> _Problem details_: Lines from the line with "fettuccine 12.99 with grilled chicken 14.99" to the line with "Antipasto Salad" in the entries below, and only those, must be output exactly, with both ends included.

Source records
• • • • • • •

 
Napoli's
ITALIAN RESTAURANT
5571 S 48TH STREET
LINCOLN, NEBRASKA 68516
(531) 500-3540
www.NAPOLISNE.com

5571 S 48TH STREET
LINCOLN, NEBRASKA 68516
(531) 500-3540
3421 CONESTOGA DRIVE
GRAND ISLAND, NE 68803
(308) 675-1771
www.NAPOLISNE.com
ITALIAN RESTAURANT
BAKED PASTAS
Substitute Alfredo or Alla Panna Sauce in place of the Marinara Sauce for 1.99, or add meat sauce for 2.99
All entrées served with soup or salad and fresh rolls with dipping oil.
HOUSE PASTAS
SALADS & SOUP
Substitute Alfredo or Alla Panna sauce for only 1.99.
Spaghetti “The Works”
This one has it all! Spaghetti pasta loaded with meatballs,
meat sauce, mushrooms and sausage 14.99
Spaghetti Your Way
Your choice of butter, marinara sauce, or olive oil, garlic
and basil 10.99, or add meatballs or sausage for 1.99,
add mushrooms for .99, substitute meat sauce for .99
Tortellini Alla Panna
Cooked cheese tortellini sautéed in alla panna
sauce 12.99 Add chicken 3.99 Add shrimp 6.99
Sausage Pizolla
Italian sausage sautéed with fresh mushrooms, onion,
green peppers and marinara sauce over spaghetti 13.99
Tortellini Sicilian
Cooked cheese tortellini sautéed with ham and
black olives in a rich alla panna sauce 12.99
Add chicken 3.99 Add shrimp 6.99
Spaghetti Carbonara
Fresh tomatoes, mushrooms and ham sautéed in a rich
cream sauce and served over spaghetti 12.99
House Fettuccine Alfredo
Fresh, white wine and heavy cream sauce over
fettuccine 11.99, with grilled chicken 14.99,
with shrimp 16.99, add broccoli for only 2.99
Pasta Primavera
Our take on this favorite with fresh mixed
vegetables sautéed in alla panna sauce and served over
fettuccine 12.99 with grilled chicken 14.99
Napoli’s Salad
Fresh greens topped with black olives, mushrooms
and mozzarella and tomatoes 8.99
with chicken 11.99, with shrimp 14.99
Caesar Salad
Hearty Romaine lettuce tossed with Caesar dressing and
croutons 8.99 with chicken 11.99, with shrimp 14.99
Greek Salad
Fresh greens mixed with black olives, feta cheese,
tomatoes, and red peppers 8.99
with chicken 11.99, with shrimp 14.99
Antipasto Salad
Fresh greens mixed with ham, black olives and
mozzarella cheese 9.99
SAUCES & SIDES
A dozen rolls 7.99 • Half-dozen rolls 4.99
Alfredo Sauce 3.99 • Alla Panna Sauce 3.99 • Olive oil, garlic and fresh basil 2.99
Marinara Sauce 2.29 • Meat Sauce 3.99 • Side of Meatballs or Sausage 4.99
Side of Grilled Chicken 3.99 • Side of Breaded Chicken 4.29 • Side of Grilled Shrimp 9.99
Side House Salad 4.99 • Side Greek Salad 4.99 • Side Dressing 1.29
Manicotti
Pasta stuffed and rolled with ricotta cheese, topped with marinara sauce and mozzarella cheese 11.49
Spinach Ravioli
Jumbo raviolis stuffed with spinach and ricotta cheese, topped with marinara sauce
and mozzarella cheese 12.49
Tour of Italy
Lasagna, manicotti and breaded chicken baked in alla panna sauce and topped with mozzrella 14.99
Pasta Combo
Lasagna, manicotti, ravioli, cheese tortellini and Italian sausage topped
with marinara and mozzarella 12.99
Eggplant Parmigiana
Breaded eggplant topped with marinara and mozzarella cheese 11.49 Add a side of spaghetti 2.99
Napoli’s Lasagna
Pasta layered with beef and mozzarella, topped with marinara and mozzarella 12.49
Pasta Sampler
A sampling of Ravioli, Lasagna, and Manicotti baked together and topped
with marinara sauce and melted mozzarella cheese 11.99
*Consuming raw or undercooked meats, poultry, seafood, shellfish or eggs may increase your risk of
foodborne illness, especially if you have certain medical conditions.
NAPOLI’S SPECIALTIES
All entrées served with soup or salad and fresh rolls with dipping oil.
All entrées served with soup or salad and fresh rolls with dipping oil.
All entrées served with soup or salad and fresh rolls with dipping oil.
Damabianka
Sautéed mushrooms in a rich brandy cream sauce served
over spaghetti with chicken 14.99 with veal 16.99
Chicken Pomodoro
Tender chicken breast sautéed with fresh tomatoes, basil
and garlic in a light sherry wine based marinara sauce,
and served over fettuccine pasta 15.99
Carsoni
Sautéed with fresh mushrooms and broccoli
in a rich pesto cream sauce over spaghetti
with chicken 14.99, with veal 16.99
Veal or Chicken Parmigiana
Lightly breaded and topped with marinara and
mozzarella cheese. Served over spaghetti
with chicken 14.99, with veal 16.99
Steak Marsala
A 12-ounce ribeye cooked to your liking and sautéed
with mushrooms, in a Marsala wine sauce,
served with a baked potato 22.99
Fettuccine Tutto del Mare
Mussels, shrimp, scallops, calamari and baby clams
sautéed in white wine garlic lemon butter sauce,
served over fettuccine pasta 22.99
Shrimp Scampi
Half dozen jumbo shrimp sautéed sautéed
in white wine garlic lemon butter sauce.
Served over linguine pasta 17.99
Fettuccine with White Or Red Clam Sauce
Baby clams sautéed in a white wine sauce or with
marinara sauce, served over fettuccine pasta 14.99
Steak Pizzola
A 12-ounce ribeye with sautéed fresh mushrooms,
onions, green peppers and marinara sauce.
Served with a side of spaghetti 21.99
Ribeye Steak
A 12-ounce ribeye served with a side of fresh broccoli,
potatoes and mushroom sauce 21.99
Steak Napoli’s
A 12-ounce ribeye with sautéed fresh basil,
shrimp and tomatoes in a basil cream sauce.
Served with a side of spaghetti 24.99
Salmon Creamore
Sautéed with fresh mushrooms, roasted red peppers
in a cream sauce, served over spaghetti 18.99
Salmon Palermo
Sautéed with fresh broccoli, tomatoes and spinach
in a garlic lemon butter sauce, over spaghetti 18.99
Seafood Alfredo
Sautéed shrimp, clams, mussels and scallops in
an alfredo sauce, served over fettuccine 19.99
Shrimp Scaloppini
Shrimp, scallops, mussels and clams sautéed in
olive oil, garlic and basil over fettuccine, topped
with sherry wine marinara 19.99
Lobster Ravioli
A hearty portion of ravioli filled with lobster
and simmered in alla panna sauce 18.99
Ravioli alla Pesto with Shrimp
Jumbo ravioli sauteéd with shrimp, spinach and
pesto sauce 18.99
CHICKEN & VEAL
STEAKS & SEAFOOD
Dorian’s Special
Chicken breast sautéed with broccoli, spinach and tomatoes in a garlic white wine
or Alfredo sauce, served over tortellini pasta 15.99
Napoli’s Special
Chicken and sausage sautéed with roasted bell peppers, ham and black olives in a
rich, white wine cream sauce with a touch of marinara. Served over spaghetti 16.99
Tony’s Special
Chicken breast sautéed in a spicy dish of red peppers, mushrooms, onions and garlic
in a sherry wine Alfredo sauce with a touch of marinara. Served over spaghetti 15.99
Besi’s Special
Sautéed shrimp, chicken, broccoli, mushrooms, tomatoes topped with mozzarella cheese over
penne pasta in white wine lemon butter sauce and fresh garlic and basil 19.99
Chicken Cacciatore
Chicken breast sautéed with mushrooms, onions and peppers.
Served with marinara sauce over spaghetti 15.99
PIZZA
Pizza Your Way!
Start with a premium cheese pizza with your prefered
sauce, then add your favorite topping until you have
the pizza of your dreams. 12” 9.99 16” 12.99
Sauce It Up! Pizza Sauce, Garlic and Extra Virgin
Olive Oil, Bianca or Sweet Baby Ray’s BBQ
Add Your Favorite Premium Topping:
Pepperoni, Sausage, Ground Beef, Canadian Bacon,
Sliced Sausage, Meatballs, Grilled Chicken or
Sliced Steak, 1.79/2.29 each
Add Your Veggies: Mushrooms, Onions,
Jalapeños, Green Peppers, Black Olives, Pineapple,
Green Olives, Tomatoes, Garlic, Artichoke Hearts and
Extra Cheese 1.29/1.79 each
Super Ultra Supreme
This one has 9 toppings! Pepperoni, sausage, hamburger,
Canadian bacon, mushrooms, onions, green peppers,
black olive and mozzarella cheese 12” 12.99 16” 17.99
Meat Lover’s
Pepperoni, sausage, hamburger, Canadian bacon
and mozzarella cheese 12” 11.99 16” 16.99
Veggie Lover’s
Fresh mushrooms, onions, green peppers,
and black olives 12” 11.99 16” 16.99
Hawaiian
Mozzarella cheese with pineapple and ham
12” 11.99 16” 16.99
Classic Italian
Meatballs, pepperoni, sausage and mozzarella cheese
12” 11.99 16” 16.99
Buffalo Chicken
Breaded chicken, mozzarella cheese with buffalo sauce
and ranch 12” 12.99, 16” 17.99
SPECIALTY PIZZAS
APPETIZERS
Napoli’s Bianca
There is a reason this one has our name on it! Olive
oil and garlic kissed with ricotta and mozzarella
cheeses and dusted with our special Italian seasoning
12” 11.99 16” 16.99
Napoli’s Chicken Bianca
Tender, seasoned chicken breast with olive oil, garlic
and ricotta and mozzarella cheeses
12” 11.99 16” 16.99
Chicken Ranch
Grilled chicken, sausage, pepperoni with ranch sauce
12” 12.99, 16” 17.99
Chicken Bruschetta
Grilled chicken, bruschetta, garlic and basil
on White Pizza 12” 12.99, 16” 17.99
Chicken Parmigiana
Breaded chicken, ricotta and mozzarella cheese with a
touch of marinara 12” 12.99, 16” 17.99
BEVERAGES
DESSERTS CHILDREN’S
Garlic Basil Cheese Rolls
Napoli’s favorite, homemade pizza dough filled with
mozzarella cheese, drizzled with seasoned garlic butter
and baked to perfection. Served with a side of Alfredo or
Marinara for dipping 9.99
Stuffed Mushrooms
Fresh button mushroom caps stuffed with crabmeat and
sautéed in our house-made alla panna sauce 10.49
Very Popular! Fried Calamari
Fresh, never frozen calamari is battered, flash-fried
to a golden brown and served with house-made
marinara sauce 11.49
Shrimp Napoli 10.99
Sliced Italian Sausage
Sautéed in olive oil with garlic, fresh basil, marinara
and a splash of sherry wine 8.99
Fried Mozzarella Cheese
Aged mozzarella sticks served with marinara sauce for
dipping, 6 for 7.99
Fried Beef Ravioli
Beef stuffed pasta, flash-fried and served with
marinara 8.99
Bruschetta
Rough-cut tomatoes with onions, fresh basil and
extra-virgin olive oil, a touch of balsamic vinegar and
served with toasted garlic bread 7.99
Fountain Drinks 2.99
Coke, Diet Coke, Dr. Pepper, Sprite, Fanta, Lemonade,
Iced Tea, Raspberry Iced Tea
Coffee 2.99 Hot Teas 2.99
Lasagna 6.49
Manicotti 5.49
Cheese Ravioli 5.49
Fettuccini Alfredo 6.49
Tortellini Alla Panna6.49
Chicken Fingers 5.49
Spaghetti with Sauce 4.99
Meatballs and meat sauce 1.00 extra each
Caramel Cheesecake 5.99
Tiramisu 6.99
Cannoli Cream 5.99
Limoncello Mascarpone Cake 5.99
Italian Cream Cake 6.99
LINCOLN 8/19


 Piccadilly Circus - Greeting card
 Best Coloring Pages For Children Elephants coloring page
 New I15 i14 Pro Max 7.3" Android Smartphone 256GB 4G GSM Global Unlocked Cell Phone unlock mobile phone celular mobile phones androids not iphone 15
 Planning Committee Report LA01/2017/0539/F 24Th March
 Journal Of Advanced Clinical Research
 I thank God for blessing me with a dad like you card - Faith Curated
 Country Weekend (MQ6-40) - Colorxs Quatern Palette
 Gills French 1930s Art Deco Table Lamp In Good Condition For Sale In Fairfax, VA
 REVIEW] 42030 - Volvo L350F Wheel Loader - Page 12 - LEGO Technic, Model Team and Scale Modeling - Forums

• • • • • • •

> _Task solution_:
fettuccine 12.99 with grilled chicken 14.99
Napoli’s Salad
Fresh greens topped with black olives, mushrooms
and mozzarella and tomatoes 8.99
with chicken 11.99, with shrimp 14.99
Caesar Salad
Hearty Romaine lettuce tossed with Caesar dressing and
croutons 8.99 with chicken 11.99, with shrimp 14.99
Greek Salad
Fresh greens mixed with black olives, feta cheese,
tomatoes, and red peppers 8.99
with chicken 11.99, with shrimp 14.99
Antipasto Salad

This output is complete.